The drawback here? You need to install some requirements, which is not always possible. Here you have two alternatives, either you use the PythonVirtualenvOperator, or read below on how to run the ingestion with the DockerOperator.

{% partial file="run-connectors-class.md" /%}

Docker Operator

From version 0.12.1 we are shipping a new image openmetadata/ingestion-base, which only contains the openmetadata-ingestion package and can then be used to handle ingestions in an isolated environment.

This is useful to prepare DAGs without any installation required on the environment, although it needs for the host to have access to the Docker commands.

For example, if you are running Airflow in Docker Compose, that can be achieved preparing a volume mapping the docker.sock file with 600 permissions.

volumes:
  - /var/run/docker.sock:/var/run/docker.sock:z  # Need 666 permissions to run DockerOperator

Then, preparing a DAG looks like this:

from datetime import datetime

from airflow import models
from airflow.providers.docker.operators.docker import DockerOperator


config = """
<your YAML configuration>
"""

with models.DAG(
    "ingestion-docker-operator",
    schedule_interval='*/5 * * * *',
    start_date=datetime(2021, 1, 1),
    catchup=False,
    tags=["OpenMetadata"],
) as dag:
    DockerOperator(
        command="python main.py",
        image="openmetadata/ingestion-base:0.13.2",
        environment={"config": config, "pipelineType": "metadata"},
        docker_url="unix://var/run/docker.sock",  # To allow to start Docker. Needs chmod 666 permissions
        tty=True,
        auto_remove="True",
        network_mode="host",  # To reach the OM server
        task_id="ingest",
        dag=dag,
    )

{% note %}

Make sure to tune out the DAG configurations (schedule_interval, start_date, etc.) as your use case requires.

{% /note %}

Note that the example uses the image openmetadata/ingestion-base:0.13.2. Update that accordingly for higher version once they are released. Also, the image version should be aligned with your OpenMetadata server version to avoid incompatibilities.

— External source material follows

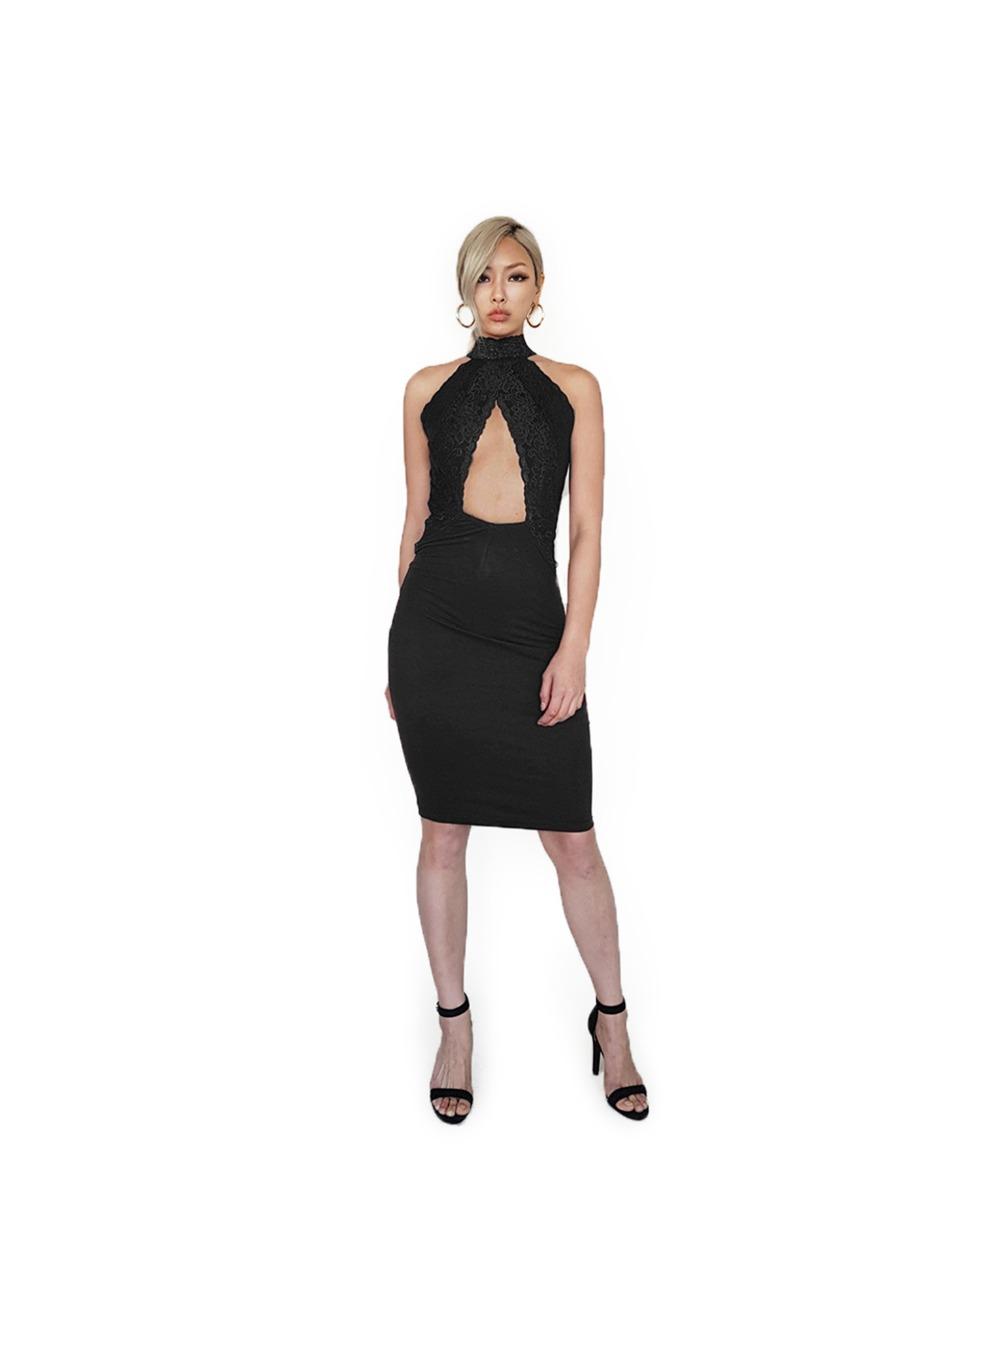 ROSALIA HALTER NECK DRESS 로살리아 홀터넥 드레스

Another important point here is making sure that the Airflow will be able to run Docker commands to create the task. As our example was done with Airflow in Docker Compose, that meant setting docker_url="unix://var/run/docker.sock".

The final important elements here are:

  • command="python main.py": This does not need to be modified, as we are shipping the main.py script in the image, used to trigger the workflow.
  • environment={"config": config, "pipelineType": "metadata"}: Again, in most cases you will just need to update the config string to point to the right connector.

Other supported values of pipelineType are usage, lineage, profiler or TestSuite. Pass the required flag depending on the type of workflow you want to execute. Make sure that the YAML config reflects what ingredients are required for your Workflow.